Kwantlen First Nation band councillor Tumia Knott was one of the dignitaries who spoke at the announcement of federal funding for a planned new museum in Fort Langley. (Matthew Claxton/Langley Advance Times)

Fort Langley museum plans still waiting on $10 million decision from Victoria

The provincial government is expected to respond later this year

The plans for a large new community and Indigenous museum in Fort Langley won’t move forward without a multi-million dollar grant from the provincial government.

Last Thursday, Sept. 5, federal, municipal and Kwantlen First Nation leaders gathered in the Langley Centennial Museum for an announcement of $3 million in federal funding for the ambitious project to update Langley’s 60-year-old facility.

READ MORE: Fort Langley museum project gets $3 million in federal funds

However, Township officials are still waiting to hear back from Victoria about an application for provincial funding, said Peter Tulumello, director of arts, culture, and community initiatives.

“We’re very optimistic,” he said.

The Township is asking Victoria for $10 million in funding.

“That’s a big piece of the project,” Tulumello said.

Until the province makes a decision, there can be no shovels in the ground on the new Centennial Museum project, Tulumello said. They can’t qualify for the funding if the project has already started.

The province is expected to make a decision later this year, and the application is under review.

The federal money announced last week will be coming to the Township in $1 million installments over three years, starting this year. Cloverdale-Langley City Liberal MP John Aldag, who formerly managed the Fort Langley National Historic Site, made the official announcement.

Local dignitaries were excited about the federal grant announcement, which moves the proposed museum complex one more step forward.

“So excited to have a place and a voice where we can express ourselves,” said Tumia Knott, a Kwantlen First Nation councillor.

The Indigenous museum to be a part of the project is to be dubbed Salishan, meaning “A Place By the River,” Knott said.

Township Mayor Jack Froese noted that the partnership with the Kwantlen is a part of ongoing truth and reconciliation efforts by local governments.

“We’re working together, we’re moving forward,” he said.

The two museums will bring together the history of thousands of years of First Nations occupation of the region, along with the Hudson’s Bay Company trade and the arrival of traders, farmers, miners, and loggers in what would become Langley by the 1800s.

The new museum will also replace the aging Langley Centennial Museum.

The structure dates back to the 1950s.
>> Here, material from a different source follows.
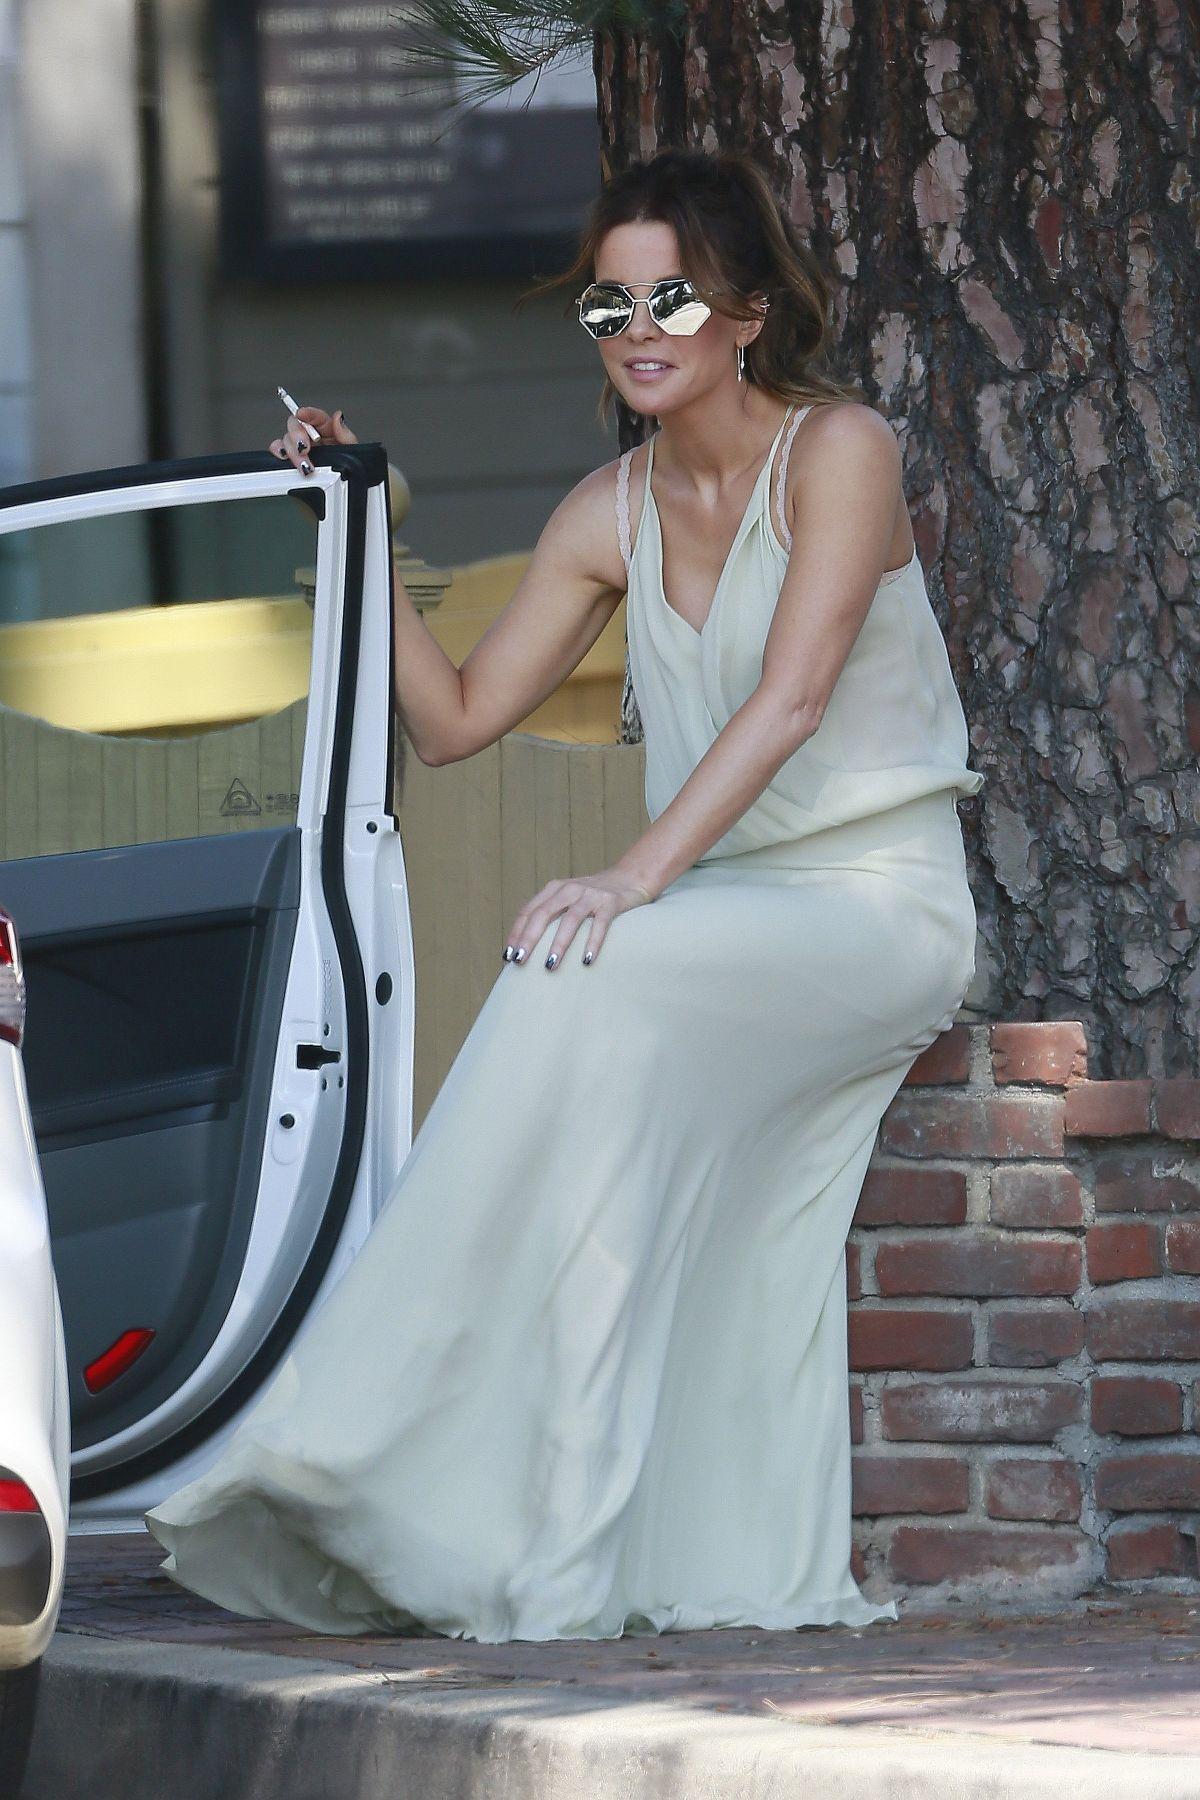 KATE BECKINSALE at Her Daughter's Graduation in Studio ... Kate Beckinsale Daughter

It was built to mark the 1958 centennial of British Columbia’s creation as a colony of Great Britain.

“It’s been a great museum,” Froese said inside the wood-framed structure.

But he noted that it will be replaced by a state-of-the-art new facility.

Along with federal, and planned provincial and municipal funding, the Township’s plans include developing some land around or on the current museum site into housing to raise money for the project.